**”Cansada de esperar, lo tomé en mis manos”**
Cuando Inés conoció a Javier, por primera vez sintió que al fin había encontrado a alguien con quien construir un “para siempre” verdadero, fuerte y maduro. No era solo guapo, inteligente y atento; desde el principio dejó claro que buscaba algo serio. Se acercaron rápidamente, y a los pocos meses ya vivían juntos. Primero, en un piso de alquiler, pensando: “Vamos a ver cómo va”. Pero todo fluyó con naturalidad.
La rutina no acabó con lo que sentían. Sabían negociar, ceder, cuidarse. Juntos preparaban cenas, veían películas antiguas, paseaban por Madrid al anochecer y hacían planes para el fin de semana, el verano, la vida. Los amigos ya les llamaban marido y mujer. Todos esperaban que dieran el siguiente paso. Pero el paso nunca llegaba.
El primer año, Inés no apresuró las cosas. Estaba segura de que Javier lo propondría cuando fuera el momento. Pero pasó el segundo, luego el tercero, y nada cambiaba. Empezó a inquietarse. Le dolía especialmente ver cómo una tras otra, sus amigas se casaban, subían fotos del registro civil con frases como “Ahora somos familia”. Y ella ni siquiera tenía un anillo. Ni una pista. Ni una conversación.
Entonces llegó la desgracia: la madre de Javier enfermó gravemente. Toda la energía de la familia se centró en tratamientos, pruebas, visitas a médicos y farmacias. Las charlas sobre bodas pasaron a un segundo plano, e Inés lo entendió. Apoyó en silencio, sin presionar. Cuando su suegra mejoró, respiró aliviada: ahora podrían retomar sus planes. Pero Javier parecía seguir en modo “no es el momento”. El tema del matrimonio se esfumó.
Inés siguió esperando. Hasta que un día dijo: basta. No quería ser solo la compañera cómoda. Quería ser su esposa. Quería una familia, hijos, un hogar. Y, al fin, seguridad. Porque hasta una hipoteca da miedo si legalmente no eres nadie. Así que tomó una decisión.
Compró el anillo ella misma. Reservó una mesa en su restaurante favorito. Escogió una fecha con significado: el día en que se dijeron “te quiero” por primera vez. Javier, al ver la cajita, se quedó bloqueado, balbuceó excusas: que él lo iba a hacer, que no había tenido tiempo. Pero al final, dijo “sí”. Sin pasión, sin brillo en los ojos, pero lo dijo.
Sus amigas se quedaron de piedra. Unas admiraron su valentía; otras se llevaban las manos a la cabeza, diciendo que se había puesto en una situación ridícula. Pero ella solo sintió alivio. Porque dentro, todo estaba más claro.
Inés dejó de esperar a que otros decidieran por ella. Tomó las riendas. Presentó la solicitud online, fijó la fecha, buscó vestido, reservó el restaurante, contrató al fotógrafo. Javier colaboró en los preparativos, sin entusiasmo, pero lo hizo: probó menús, alquiló el coche, ayudó a elegir las alianzas. Todo seguía su curso.

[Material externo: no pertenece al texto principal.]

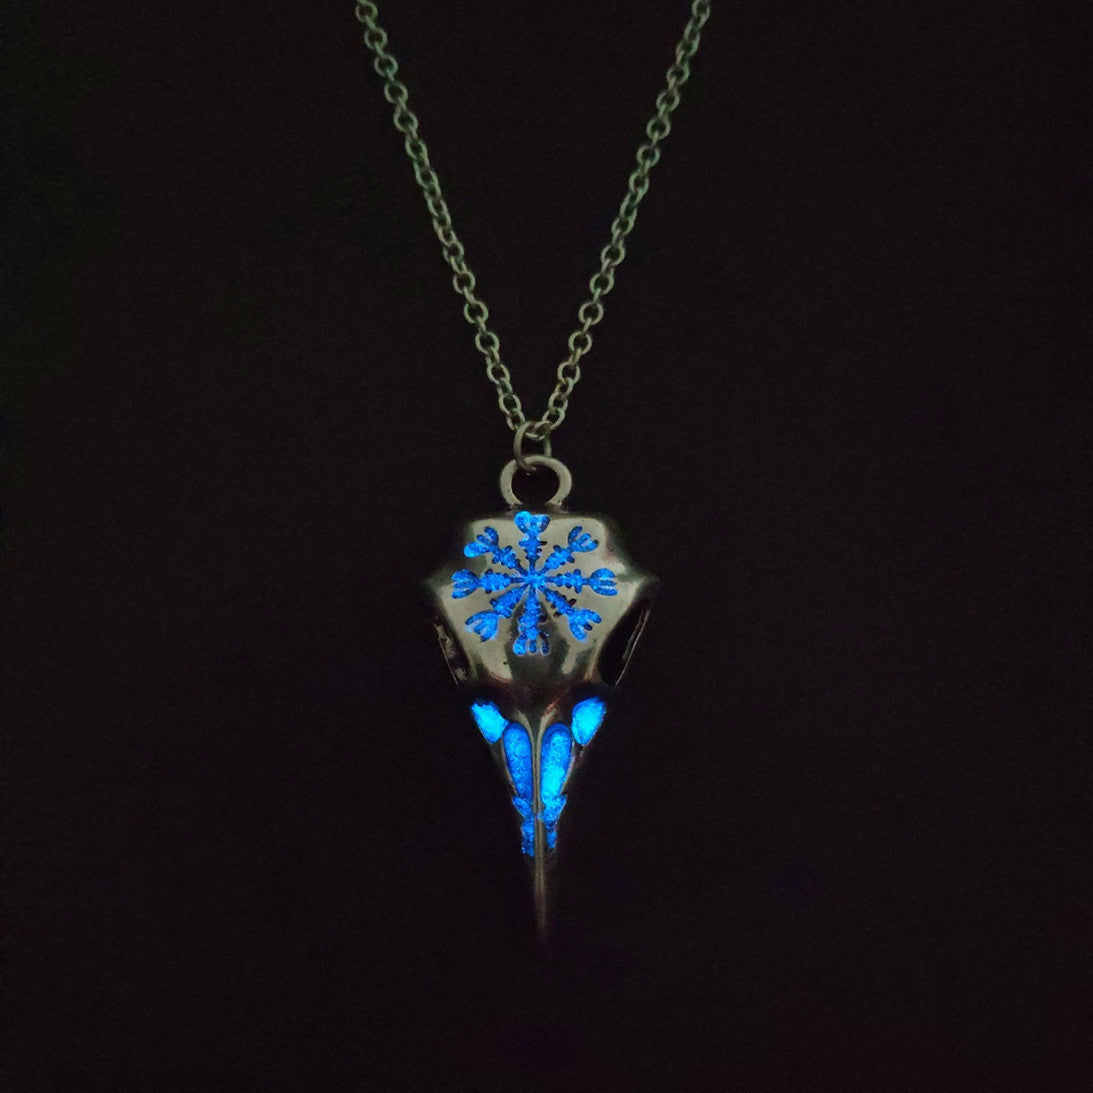 Crow Skull Glowing Necklace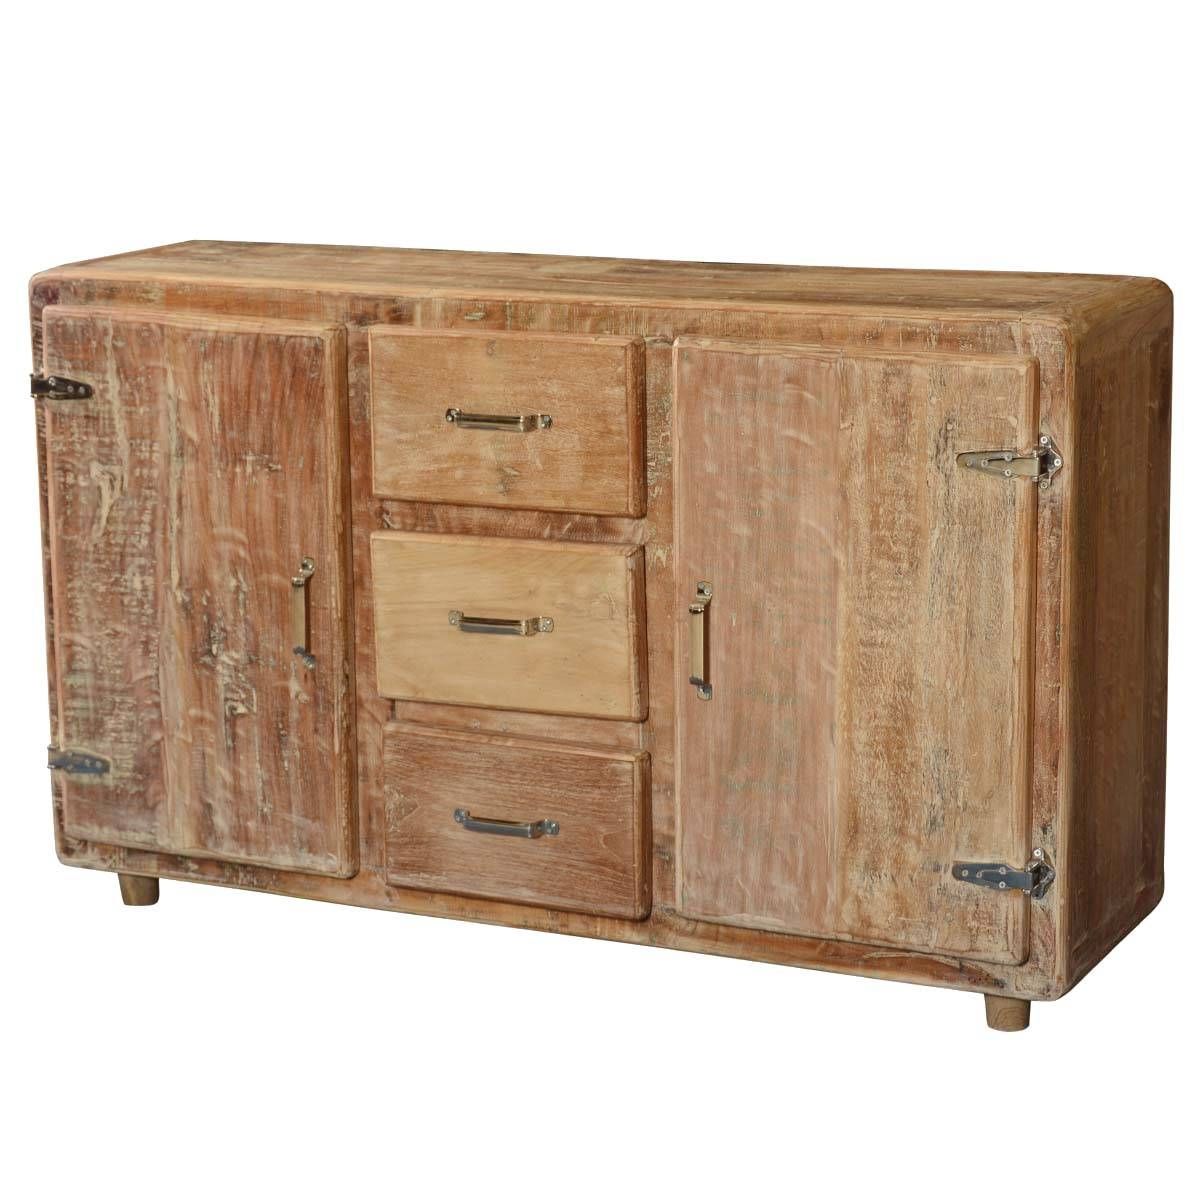 Rounded Corners Reclaimed Wood 3 Drawer Rustic Sideboard For 2018 Reclaimed Wood Sideboards (View 4 of 15)

A veces nota las miradas de sus amigas. Las casadas, con pena: “Ojalá no te arrepientas”. Las solteras, con envidia: “Qué huevos”. Pero ella sigue adelante. Porque estaba harta de vivir en la incertidumbre. Porque merece felicidad. Porque ama, y cree que no es en vano.
Tal vez no siguió el guion. Tal vez algunos digan: “Una mujer no debe dar el primer paso”. Pero quizá, si más mujeres dejaran de esperar a que el destino actuara, habría más familias felices.
¿Hizo lo correcto? Quizá. ¿Pareció ridículo? No. Pareció el acto de una mujer adulta, con el valor suficiente para no temer tomar las riendas de su vida.